The president used the indictment to portray himself as a fighter against "US imperialist forces", which he claims are targeting him because he "stands up for the people".
He also blames US sanctions for the dire economic crisis which Venezuela has suffered under his leadership.
Almost eight million Venezuelans have left the country over the past decade, driven out by a combination of widespread shortages and increasing political repression.
To stop the economy's freefall, in 2019 Mr Maduro relaxed some of the strict foreign currency regulations brought in by Chávez.

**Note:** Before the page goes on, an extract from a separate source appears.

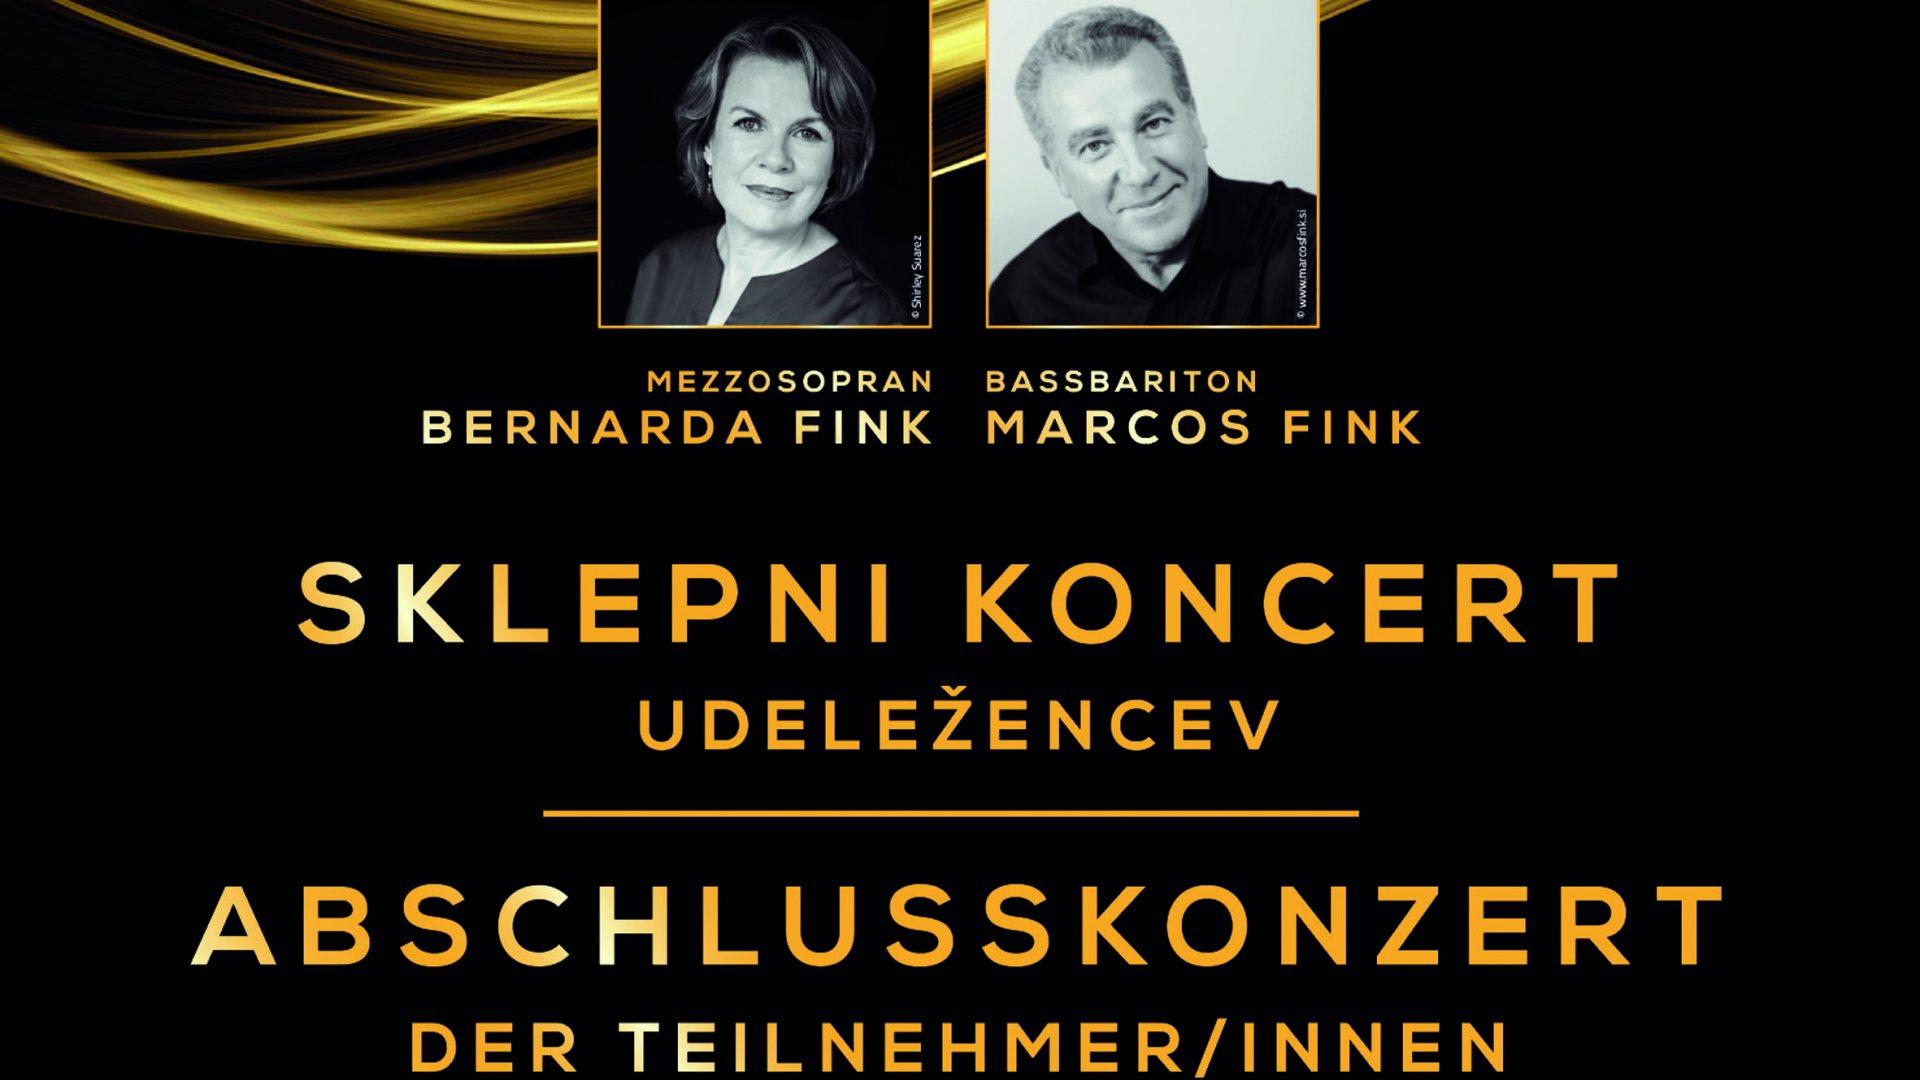 Mojstrski tečaj petja / Meisterklasse Gesang - Abschlusskonzert / Sklepni koncert

Shortages have eased since then, but those without access to foreign currency continue to struggle.
Opinion polls suggest Mr Maduro's popularity has plummeted over the years, in large part because of the economic downturn he has presided over.
Nevertheless, his socialist PSUV party can still draw on a hard core of supporters, as well as a considerable number of people who have benefited financially from his rule.
His government's actions in recent months, however, appear to betray his worry that his powerful party machine may not be able to win the election if the vote is free and fair.
First, the comptroller-general, a government ally, banned his foremost rival, María Corina Machado, from running for office - a decision which was later confirmed by the government-controlled Supreme Court.
Then, the woman whom the opposition coalition had chosen to replace her on the ballot was prevented from registering.
Finally, a relatively unknown former diplomat, Edmundo González, was confirmed as the opposition coalition's unity candidate in April.
Mr González has sailed past Mr Maduro in the opinion polls in record time, with some giving the 74-year-old a lead of 40% over the president.
In response, Mr Maduro's rhetoric has become more belligerent, even evoking the risk of a "civil war" should he lose.
“If you don't want a bloodbath in Venezuela, a civil war brought about by the fascists, then let's strive for the biggest success, the biggest victory in the electoral history of our people," he told voters less than two weeks before the election.
Invoking a bloodbath may seem extreme, but Mr Maduro has much to lose, were he to be defeated at the polls.
Not only has the US offered a $15m reward (£11.6m) for his capture on "narco-terrorism" charges, but he is also under investigation at the International Criminal Court for alleged crimes against humanity committed by the security forces during the crackdown on a wave of anti-government protests in 2017.
No one should be surprised if, faced with an election defeat, the former bus driver refuses to accept that he has reached the end of the line.
Many fear he will not go quietly.
Update 21st November: This article has been updated to explain that in a subsequent TV appearance President Maduro denied that his “by hook or by crook” remark was referring to victory in the election.